• EXERCISE DESCRIPTION
Please return the listing below exactly, without any of its pictures.

• PROVIDED MATERIAL
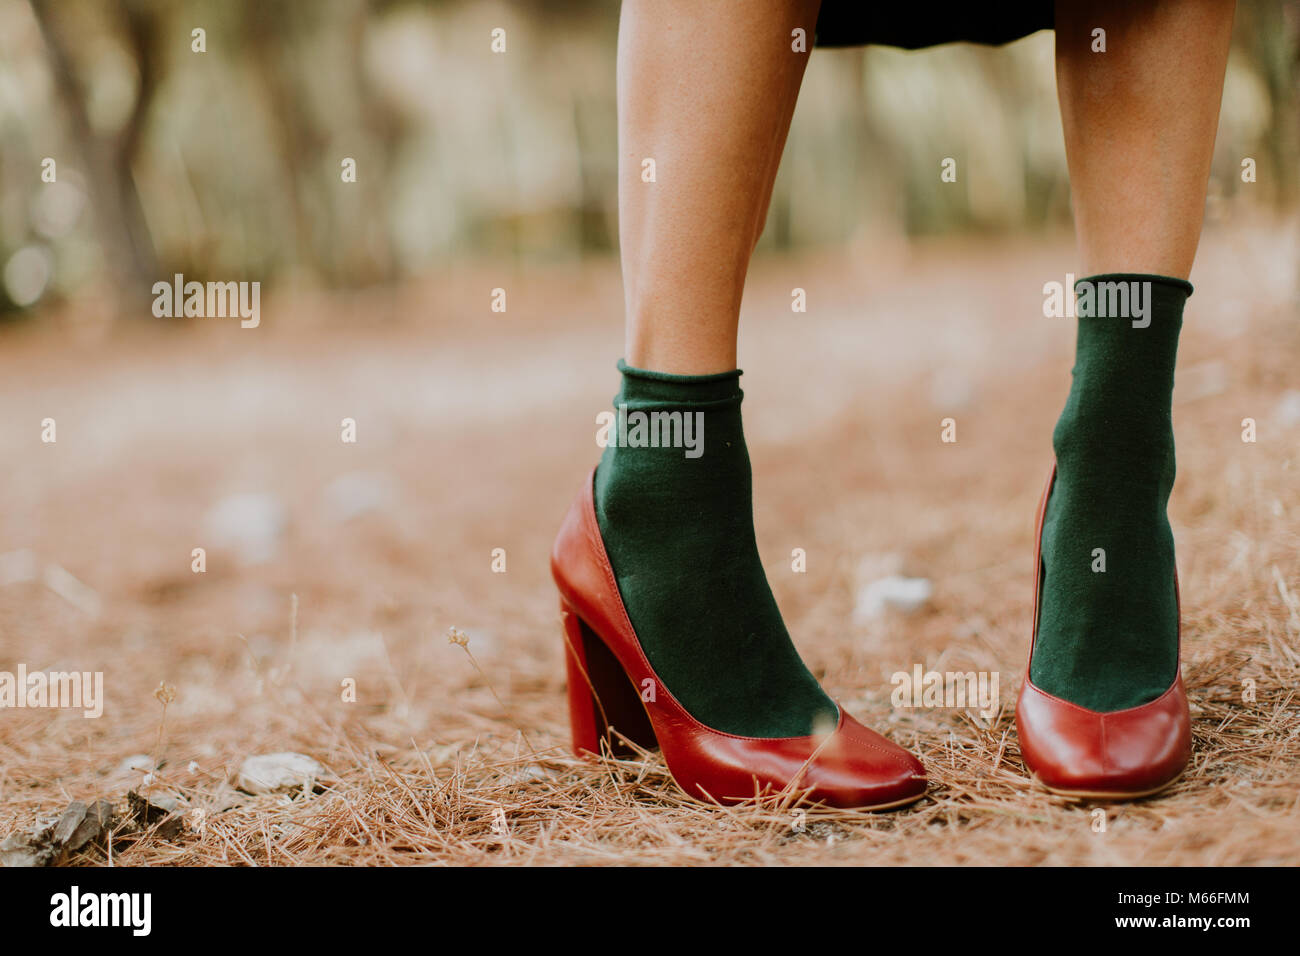 Close-up of a woman's legs wearing ankle socks in high heel shoes Stock  Photo - Alamy
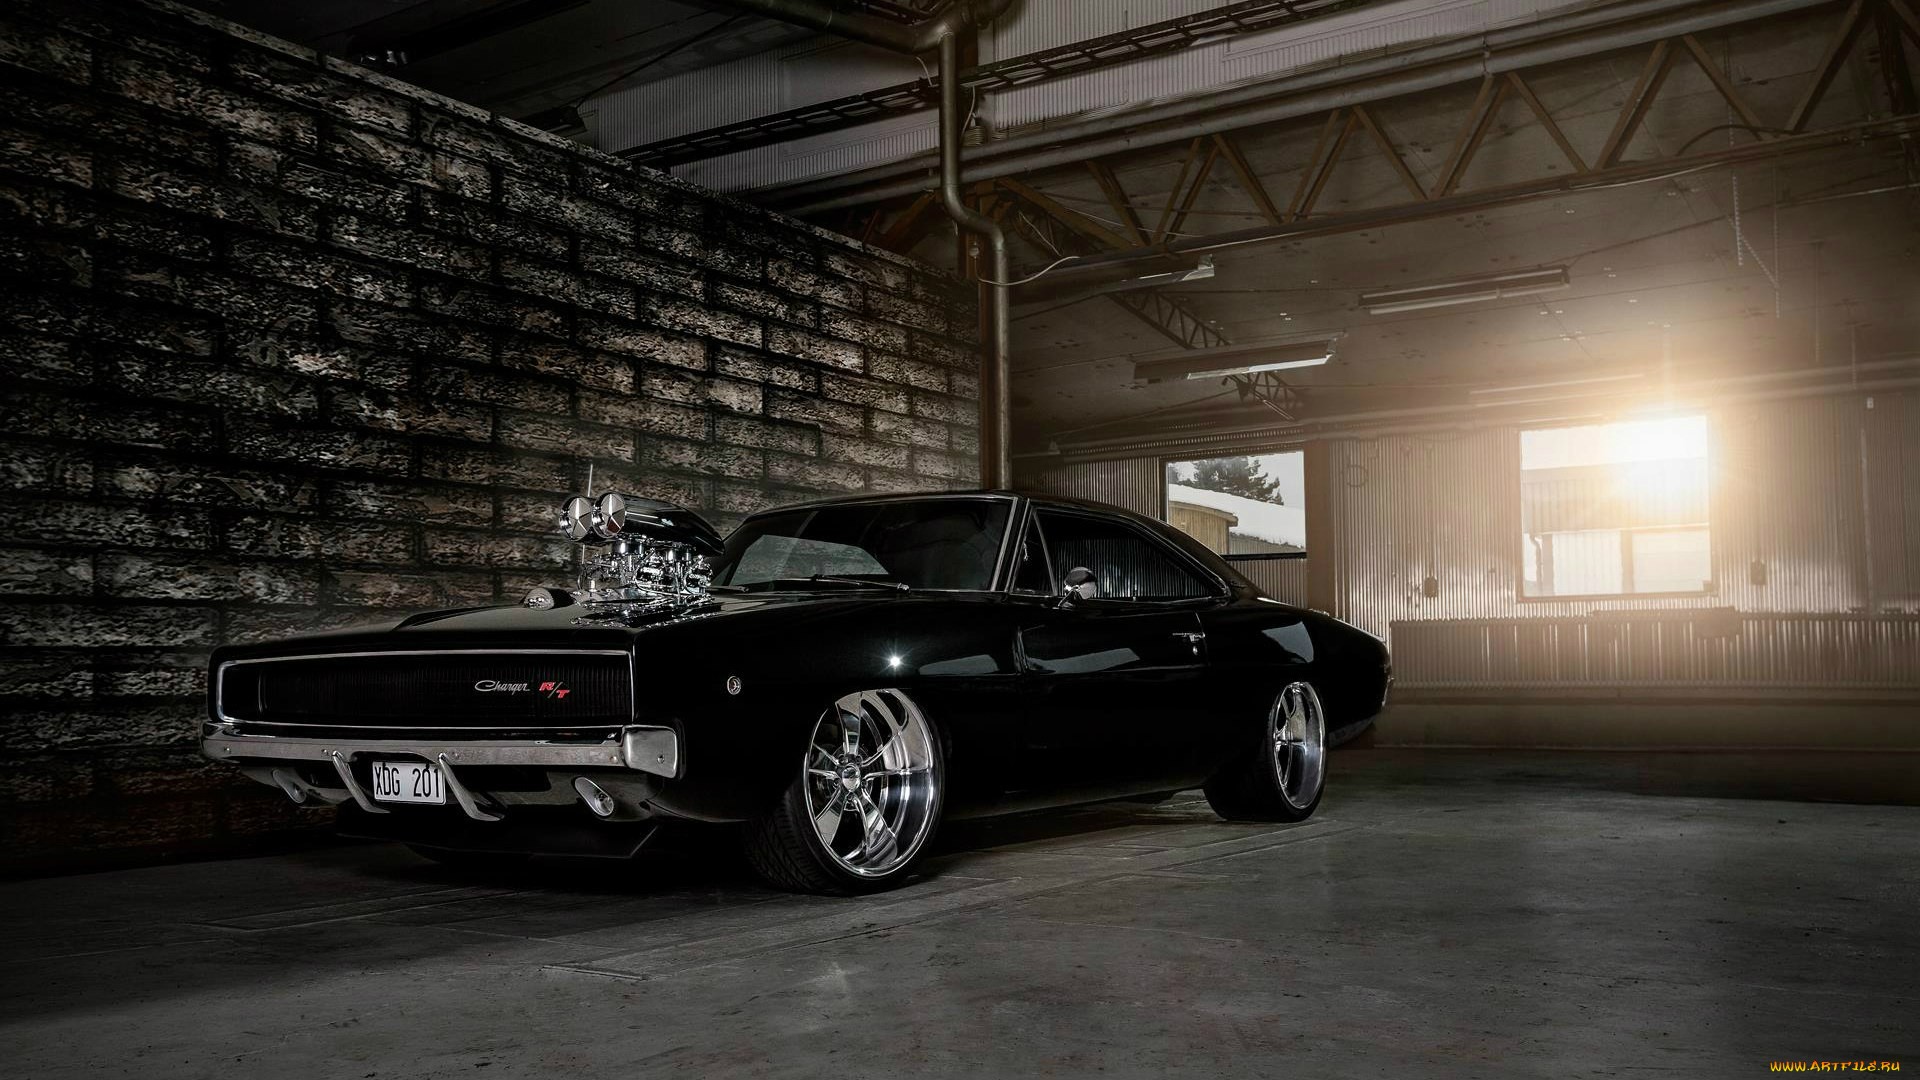 Dodge Charger Rt Wallpaper On
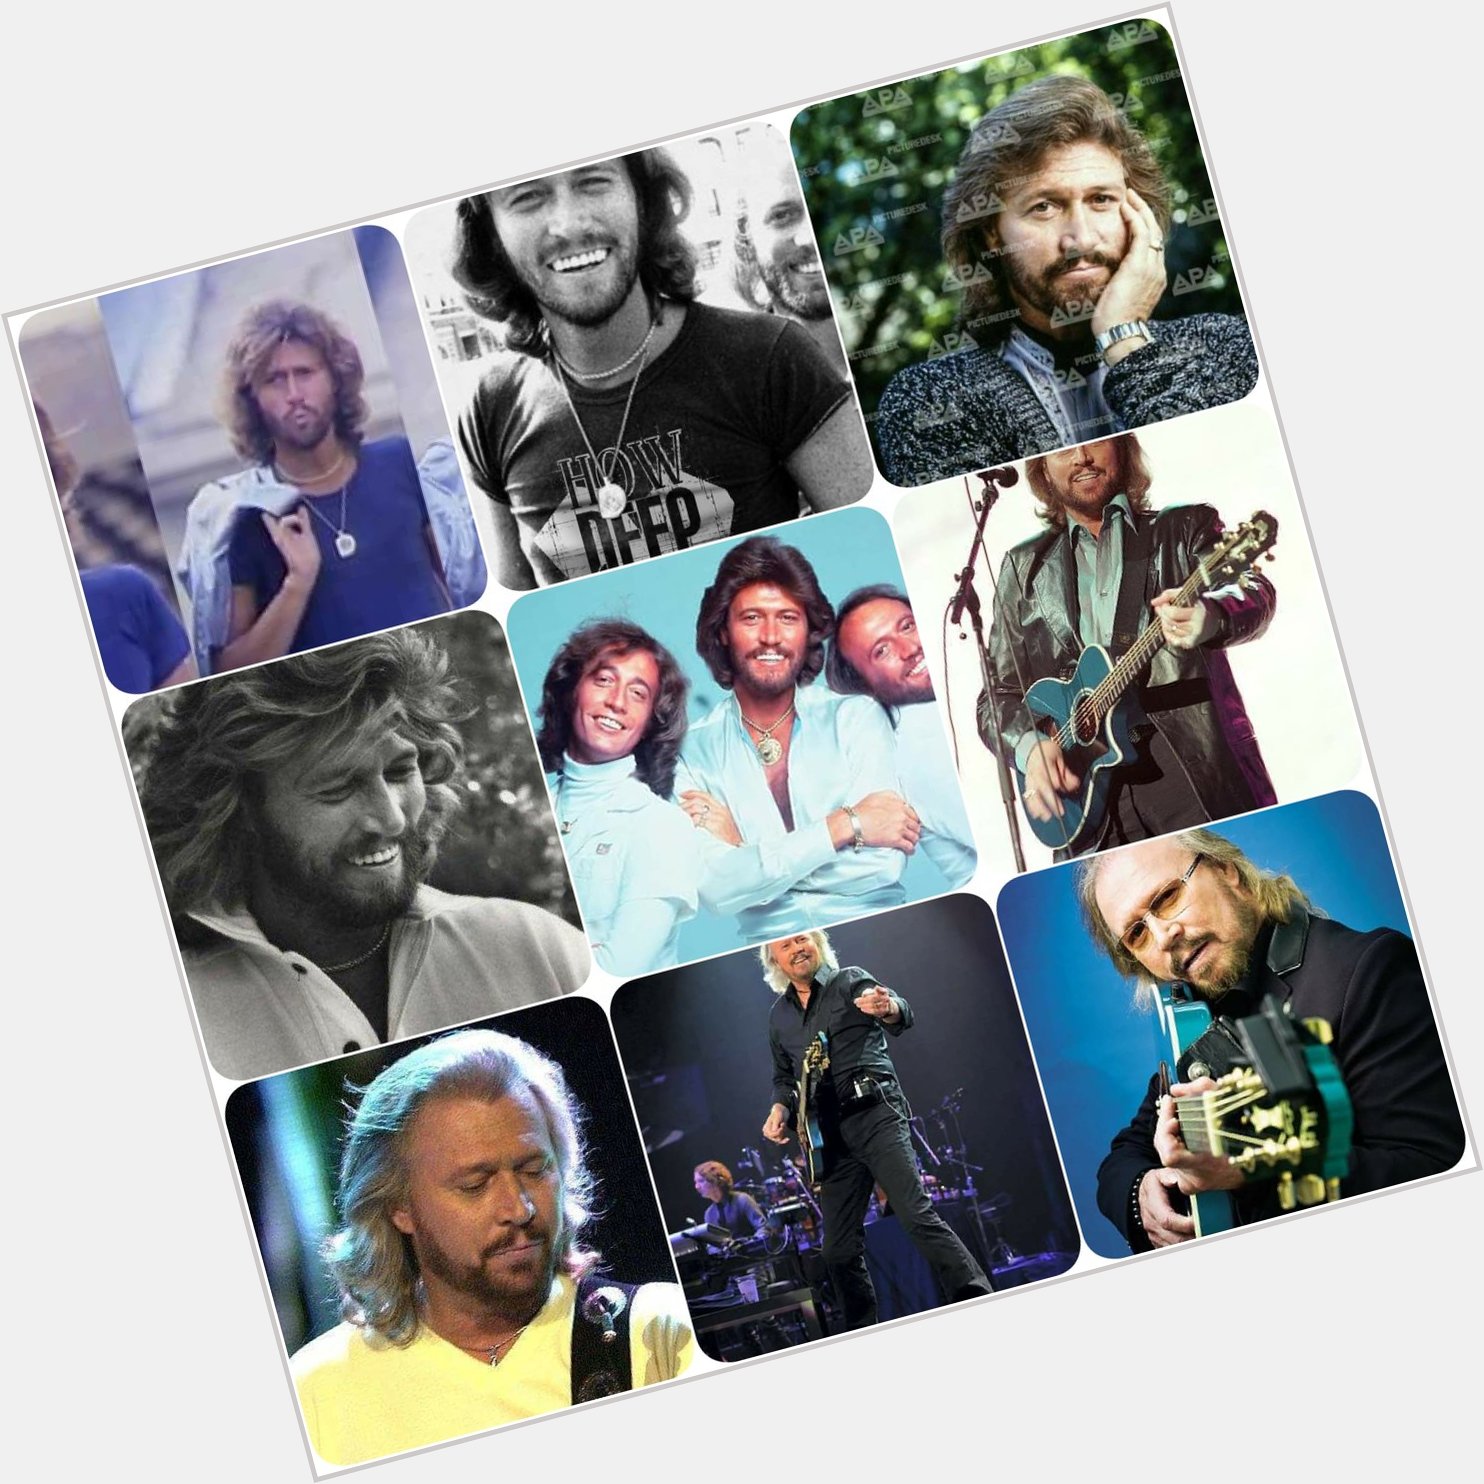  I hope your day is wonderful and filled with all the things you enjoy. Happy 71st birthday Barry Gibb.

• SOLUTION TO THE EXERCISE
 Close-up of a woman's legs wearing ankle socks in high heel shoes Stock  Photo - Alamy
 Dodge Charger Rt Wallpaper On
  I hope your day is wonderful and filled with all the things you enjoy. Happy 71st birthday Barry Gibb.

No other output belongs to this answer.